So I have 3 kids, 8,7 and 10 months. I've been married for 10 years in September. I don't know what's wrong with me, I'm just physically exhausted, feel so unhappy, feel unhappy with my life, sometimes even my children. It's hard to post this but just need to get my feelings out somewhere.
I feel so emotionally and mentally drained, my husband is always working and never at home, due to this baby only wants to be with me and only settles with me and doesn't go to my husband, my older two children are great with the baby. I'm a stay at home mum but have a small buisness I do from home. Husband is never home, I do everything with the children and house which is OK because I stay at home to raise them and I know I am lucky enough to be able to do that. But he's never home, never helps out and I'm exhausted. The baby is so difficult, she's been the most difficult baby out of all my children. I just can't get a break, not to mention she's 10 months old and hasn't slept a full night yet, for 5 weeks she has been waking up 4 to 5 times a night for feeds. Last night she was awake crying all night and I was so exhausted. My husband never gets up with baby during the night so I literally haven't slept for 10 months and then I don't have time to rest during the day because I am running around all day doing everything else. It's hard to explain but it's got to the point I feel so ill, for the last couple of weeks it's got worse. I have been having a lot of dizziness which is getting worse. Today I went out with the kids and I was in the middle of the shop holding the baby because she's going through a stage she doesn't want to sit in her pram and I felt like I was going to faint,everything was spinning and I had to sit down. This is something that is getting worse as the days go on. I've been to the doctors a number of times, they've said I had slightly low iron and given me iron tablets which I've taken but it's something that keeps getting worse, I genuinely feel so ill and weak and as the days go on I get less and less energy. I don't know if there is a problem and something wrong or if I am at the point of severe exhaustion and its having a bad affect on my body. I don't even know what to do or how to explain it, the only way I can explain it is that I feel so ill and weak but it's not like a cold or flu it feels like I just feel so weak, and no energy at all to do any thing, dizziness etc.
On top of everything else I did have the hardest delivery of all with baby. Which has been affecting me these last few weeks when i remember it.I would say I never fully recovered after my birth ( which is another story it itself) I had my mother in law with me for the birth, who witnessed this happen, all the doctors rushed in as soon as baby was born because I was hemorrhaging immediately after she was born, I lost so much blood, plus on top off that a 3rd degree tear. My mother in law came to visit and stay with us to "help" but the day I came home from the hospital I wanted to go back, she had left my house a complete mess, I was crying in pain the day after the horrific birth running around cleaning the house and she kept rubbing her legs saying I can't do the cleaning I'm old ( she's 50, no health problems) I never spent a day in bed to recover after baby, even though she came here to "help" 3 days after she threw a party for the baby at our house and was having me run around working and getting food ready etc, day 5 my husbands brother got engaged and she invited everyone to the house for a party. My sister in law said she would make some food because she could see I was clearly ill and passed off at this point and the baby needed to be breastfed, yet my mother in law said to my sister in law, no she will make the food and clean up. Its something that I have been remembering for the past few weeks and crying about, in a way I blame her for all the problems I am having now because if I never would have accepted her invite to come and help I would have rested properly after birth. When I brought this up to her and my husband they said " we thought you wanted her to come to look after the new baby so you can do house work not rest " what did you expect.

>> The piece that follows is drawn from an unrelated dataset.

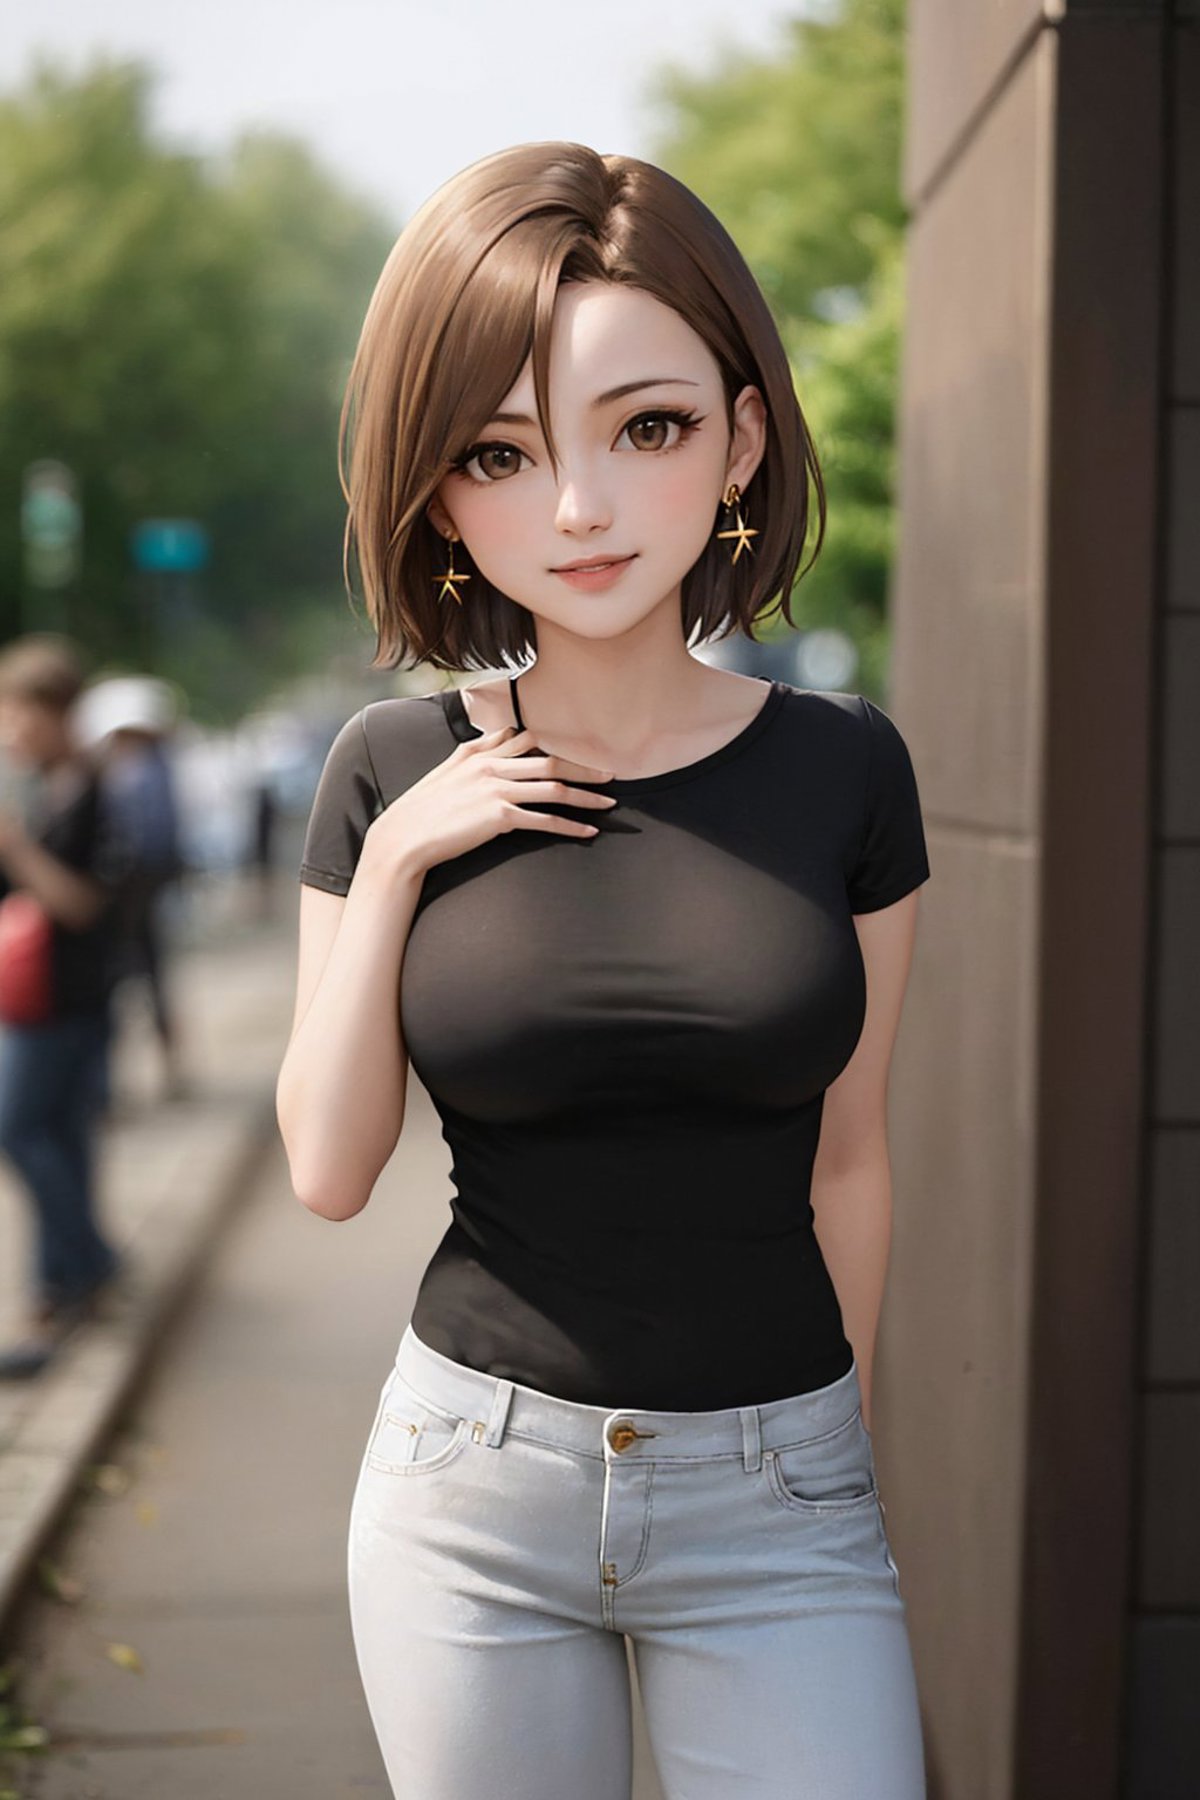 AI model image by justTNP

I have booked another doctors appointment for Tuesday, but I just feel so dizzy all the time and feel so ill and weak, on top of a baby who won't sleep at all and who is constantly crying to be picked up and I have absolutely no help because my husband is never here, my own family live 3 hours away. I'm scared something is really wrong with my health. Some days I genuinely feel like I'm going to die I feel that bad. Any advice on what to do?